Helping people quit smoking has never been a popular issue. Individuals who have never smoked can’t understand how anyone would ever start and think a smoker should just put the cigarette down and walk away. Smokers scream about their right to smoke and are encouraged by the tobacco industry trying to maintain their profits. Former smokers say that if they can quit, anybody can quit and often forget their own struggle in becoming smoke free.
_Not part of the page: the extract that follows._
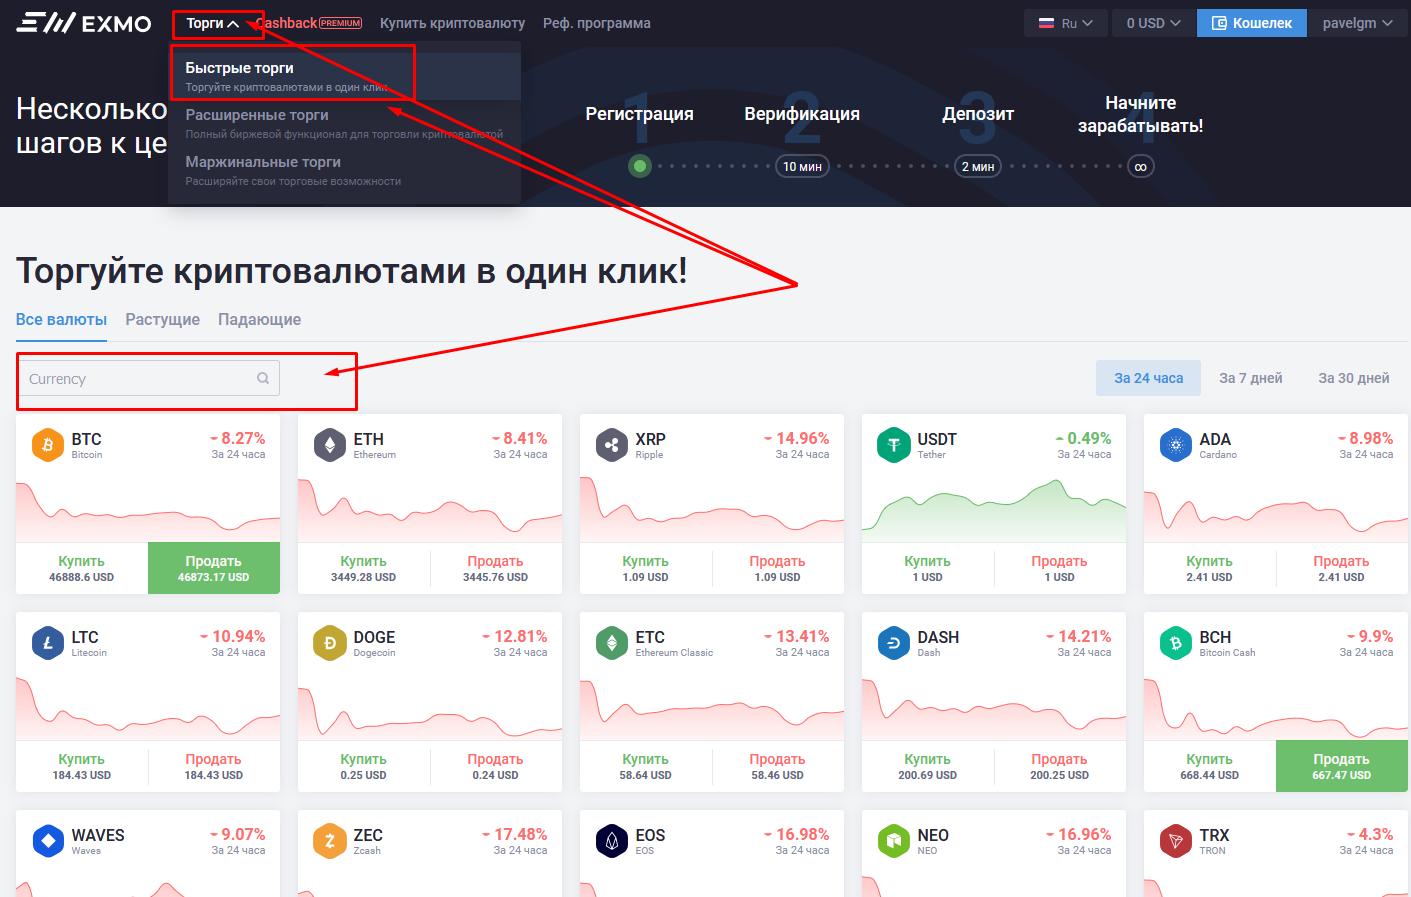 Биржа EXMO: ассортимент криптовалют

Yet ask the approximately 19 million smokers that attempt to quit each year, and they will tell you, that help is what they desperately need, since only 4% to 7% are likely to be successful after a year according to the U.S. Public Health Service.
In the State of California, only 15% of the population still smokes, yet upwards of 50% of these smokers also have a mental illness or an alcohol or substance abuse problem as well. Smokers also tend to be among the poor and uneducated. If it was easy for the current smokers to quit, they would have done so already, yet this segment of the population is the disenfranchised that few will listen to and are the ones that society has a moral obligation to help. There are effective interventions and medications to help these smokers yet they can be expensive since most insurance companies do not cover addiction to nicotine as they do with other addictive substances.
Originally the Economic Stimulus package contained funds to help with smoking cessation but has been cut yet according to the Centers for Disease Control and Prevention (CDC) and leading cessation providers, this $75 million investment in tobacco cessation would:
§ Produce at least 1,500 new jobs for smoking quit line counselors
§ Help 100,000 smokers quit
§ Save $10,000 to $15,000 in long-term health care costs per smoker who quits
§ Produce total savings of $1 billion to $1.5 billion in long-term health care costs.
The diseases caused by smoking are some of the most expensive to treat. Heart disease, stroke, 30% of all cancers, chronic obstructive pulmonary disease (COPD), and peripheral artery disease which the US Public Health Service estimates the cost in direct medical expenses is $96 Billion per year and $97 Billion in lost productivity. They estimate that if all smokers covered by state Medicaid programs quit, the annual savings to Medicaid would be $9.7 Billion after 5 years.
As a former smoker, and cancer survivor I personally know how devastating the effects of smoking can be physically, mentally, emotionally and financially and since treatments for nicotine addiction are highly cost-effective, I think it is extremely important to support smoking cessation efforts by the following efforts:
§ Support tobacco cessation and prevention in either the current Stimulus package as a stand alone provision or in general funds to the CDC.
§ Support legislation that health insurance companies and Medicaid include tobacco cessation as a covered item.